Tous les Algériens sont des mécaniciens au Théâtre du Gymnase
Ma petite entreprise…
Programmé cette semaine au Théâtre du Gymnase, Tous les Algériens sont des mécaniciens de Fellag se veut une métaphore sur l’état de l’Algerie d’aujourd’hui et les interminables astuces qui permettent de survivre et d’en rire.
Fellag est né en 1950 dans un village de Kabylie. Il a donc, quelque part, toujours été en décalage avec les autorités de son pays et la concentration du pouvoir par les Algérois. Il étudie à l’Institut National d’Art Dramatique d’Alger de 1968 à 1972, s’exile au Canada de 1978 à 1981 pour revenir en Algérie en 1985 où il crée ses premiers one-man-show, avant de repartir en 1995. Pourquoi l’Algérie, vue d’ici, nous fait peur ? Parce qu’elle nous apparaît ingérable, comme débordée par sa jeunesse qui, dans un ras-le-bol incessant d’un avenir sans espoir, aurait décidé de se rebeller à l’infini.
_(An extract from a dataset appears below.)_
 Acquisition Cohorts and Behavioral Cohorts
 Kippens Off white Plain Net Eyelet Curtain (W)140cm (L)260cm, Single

Pourtant, quand on y vit, on découvre une solidarité qui n’existe nulle part ailleurs et chaque problème devient le lieu de retrouvailles et de coups de main qui renforcent l’appartenance à une rue, à un quartier. A Oran, on peut se fâcher avec son frère, mais certainement pas avec son voisin, parce que celui qui est le plus proche de vous, physiquement, fait aussi partie de votre famille. L’Algérie, c’est une société ouverte au sens où l’on ne se terre pas chez soi, parce que le confort y est trop souvent dérisoire et la fraternité, le premier des bonheurs. Le riche s’habille en pauvre et le pauvre n’a pas à se justifier. Dans l’anarchie de la terreur et les mensonges du pouvoir, l’homme renaît toujours de ses cendres, il s’accommode d’être encore debout et il invente à l’infini l’espoir de vivre. Fellag vit en France, mais il connaît l’Algérie par son intérieur et ses détours, dans son quotidien et son avenir. Il ne porte pas la parole du résistant ou du combattant, il utilise l’humour et le particulier d’une famille pour remonter les incohérences d’un pouvoir miné par la corruption et les promesses jamais tenues. Tous les Algériens sont des mécaniciens est une manière subtile de reconstituer la démocratie au-dessus du capot d’une voiture, là où chacun est libre de s’exprimer et d’y aller de son point de vue, jouant du désaccord avec l’autre dans le bonheur d’être tous ensemble et d’apprécier la difficulté da sa vie par le souci des autres.
Karim Grandi-Baupain
Tous les Algériens sont des mécaniciens : jusqu’au 9/05 au Théâtre du Gymnase.